Что касается моей депутатской карьеры, мне даже не пришлось особенно рвать жилы, чтобы подняться наверх. Никаких колосников, никакой акробатики. Планомерный подъем по лестнице. Вот дома могло быть и поинтересней. Немного кича не повредило бы этому бидермейеру.
А то и мебель в стиле бидермейер. И биде в стиле бидермейер. И Жанна в стиле бидермейер. Несмотря на все санкции. Мне скучно, бес.
По своей тщеславной глупости она не может понять, что гордиться нам нечем, и лучше молчать обо всем, потому что тягость и труд – это не подняться, а удержаться, и об этом не болтают. Над этим работают. Тихо, ежечасно, ежеминутно. Она не представляет, на что приходится ради этого идти, чем рисковать. Подняться – это как раз ерунда.
И как же не понять, что на самом деле все временно? В этом мире и на этой земле?
Я пытаюсь сосредоточиться на повестке дня, тщательно пережевывая кусок свежего багета. Самое распространенное заболевание парламентария – язва желудка. Благо общества заставляет понервничать. Только язвы мне и не хватало. Второй. Первая, не слишком болезненная, но порядком поднадоевшая – это Жанна.
– Бу-бу-бу-бу, бу-бу-бу-бу…
Не выпуская «Ведомостей» из левой, правой я нащупываю пульт и включаю Первый канал. Я подсекаю псевдоаналитика Пупкина на полуслове, на пике его публицистического взлета. Пупкин, старина. В университете он был спортсменом. Занимался всем, чем только можно, и особо преуспел в невольной борьбе. Анализировать ни внутреннюю политику, ни международное право его никто не научил – ему было некогда. В таких случаях оценки проставляют заранее. А вот теперь он выносит политические оценки. Держится глубокомысленно. Не заносись, брат, заврешься! Но нет. Пупкин рассказывает об успехах военноаграрного комплекса. Наш ответ Чемберлену. Наша гордость, наше ноу-хау. Сообщает о первых ростках боеголовок, всходящих на полях. Так сказать, мечом и оралом. Цитации и аллюзии. Кто ему пишет текстовки? Дать, что ли, задание Гнедичу переманить этих ловкачей в наш сектор?

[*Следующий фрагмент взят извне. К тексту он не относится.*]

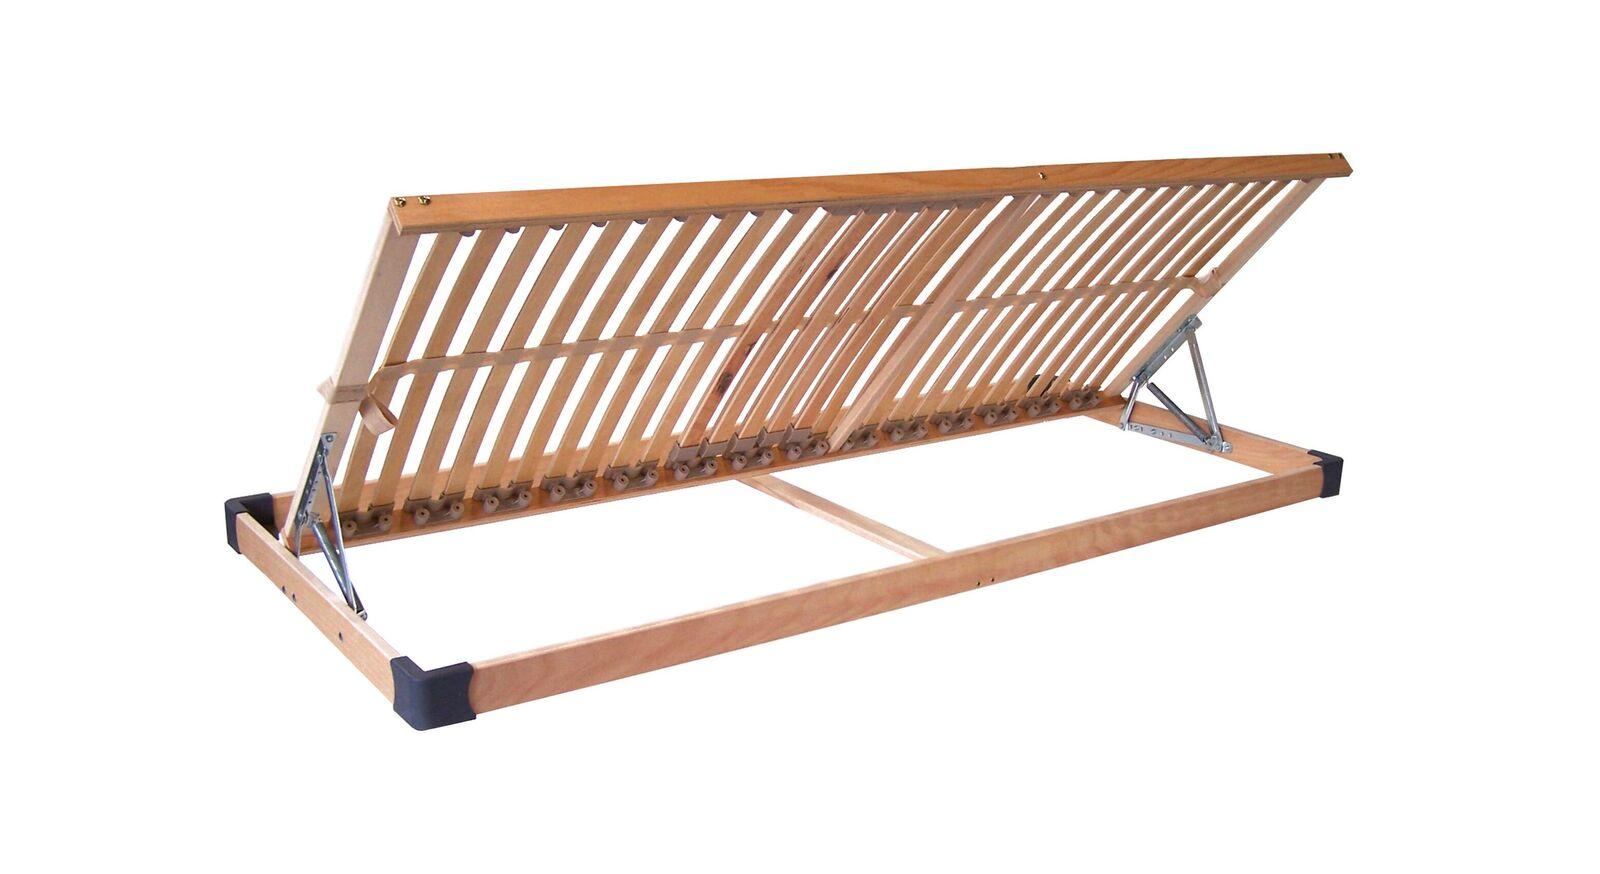 Lattenrost orthowell klappfix mit 28 Federholzleisten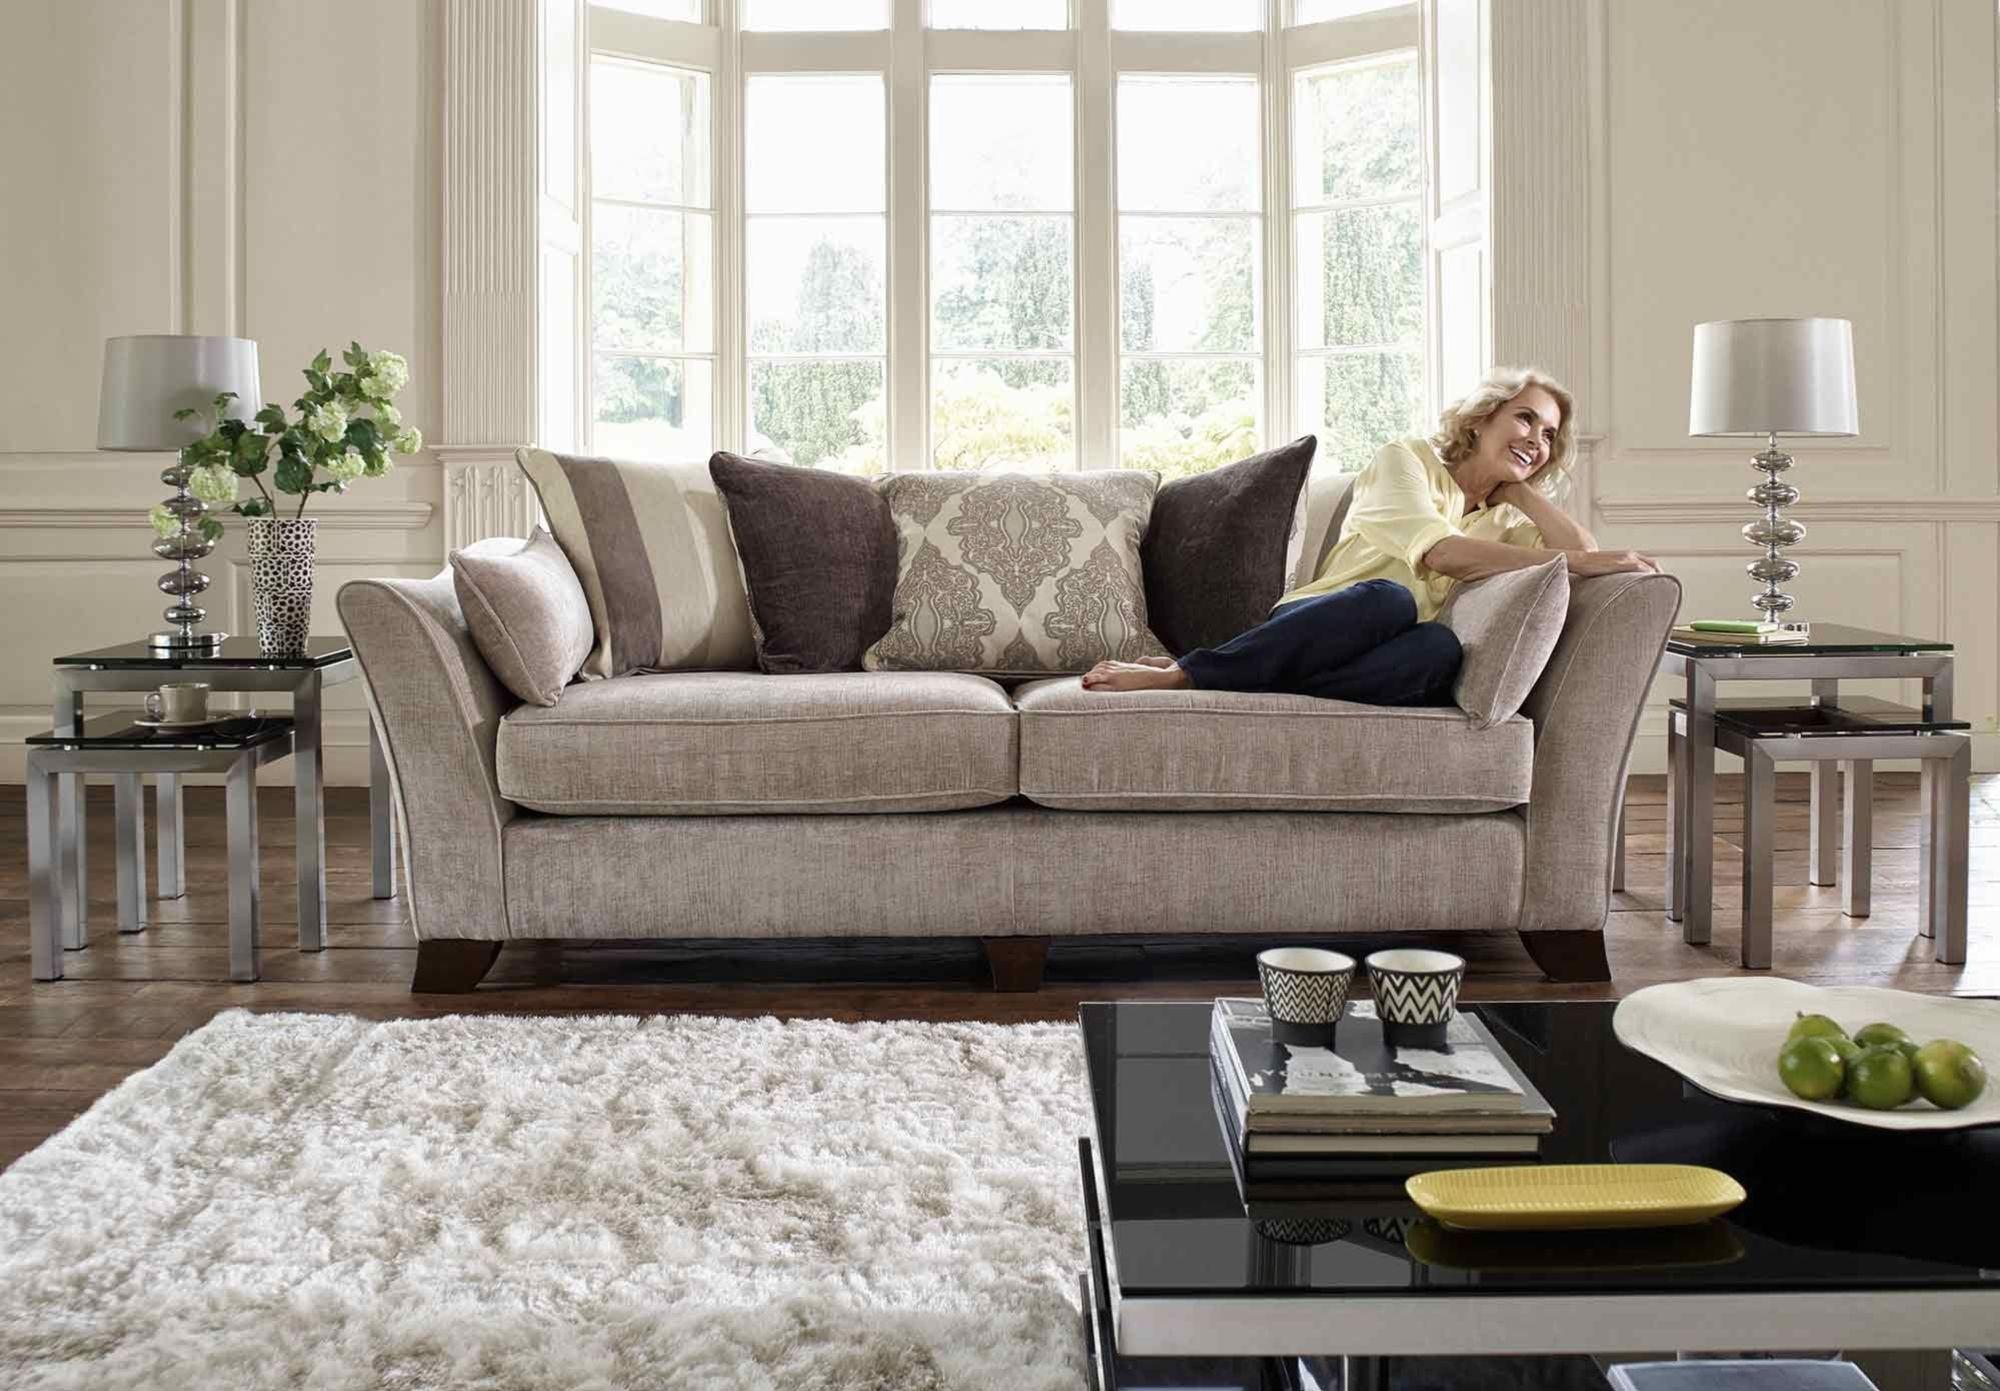 Sofa Pillows  Seater Scatter Back Sofa Annalise Upholstered Furniture at Furniture Village Living room furniture

А то наши что-то всё дубово, прямо в лоб, фейсом об тейбл.
Ми-и-илый?
Какая интонация! Надо было тебе делать театральную карьеру, а не выходить за государственного мужа. Пупкин звучит убедительней. Только галстук у него дурацкий. Оранжевый с синим – это что за Валентино, контрастирующий с физиономией? Ну и рожа у тебя, Шарапов.
– Мне иногда кажется, что ты прячешься не только от меня, но вообще от всех за газетой, за экраном или за бутылкой, – в тоне пластик и оргстекло. – И твоя озабоченность судьбами народа, прости, – это такая отмазка от жизни с нами.
Ей удается заглушить телеящик. Я бросаю «Ведомости».
– Ты хочешь ссоры?
– Нет.
Светло-пустые, испуганные оленьи глаза. Дыша духами и туманами. Бледно-розовый пеньюар оттеняет китайский фарфор груди. Гейша, китайский болванчик. Она и сейчас еще хороша, хотя, конечно, не сравнить с той дурочкой, которой она была когда-то.
Не отличала «блэк тай» от «уайт».
– Где Михаил? Почему не за столом? Вы у меня дождетесь… – начал было раскручивать гнев, но не вышло (лень), голос увял. – Буду поздно, и не звони мне.
Нет, развод не выход. Безупречный имидж – это работает и стоит очень дорого.
Ни к чему портить. Легкий треск под ногой: скорлупа. Сбил с подставки. Фаберже в посудной лавке, черт побери.
В гардеробной – сонный Васька с четверговым костюмом. Зазевался, с ноги на ногу переминается, дурак. Все-таки Петр – более тренированный, ему и сбрасываю на руки шлафрок. Одевают вдвоем, так быстрей. Ваську для профилактики щелкаю по лбу.
Афанасий выносит ботинки, натертые беличьим лоском. «Тигр» подан, и Семен устанавливает бочонок сигнализации. Заседание через час, опоздание смерти подобно. Не успеешь оглянуться, как место, принадлежащее тебе по праву, занял кто-то другой – нет, не лучше, чем ты (ты же номер один среди идеологов нового поколения). Просто оперативней.
Я и так знаю, что там пишут в этих новостях-ведомостях. Иногда мне кажется, что я вышла замуж не за человека, а за вектор развития и дальнейшее сотрудничество. И мне приходится существовать в формате. Ну что ж, почитаем. Ничего такого, из-за чего можно быть резким с женой.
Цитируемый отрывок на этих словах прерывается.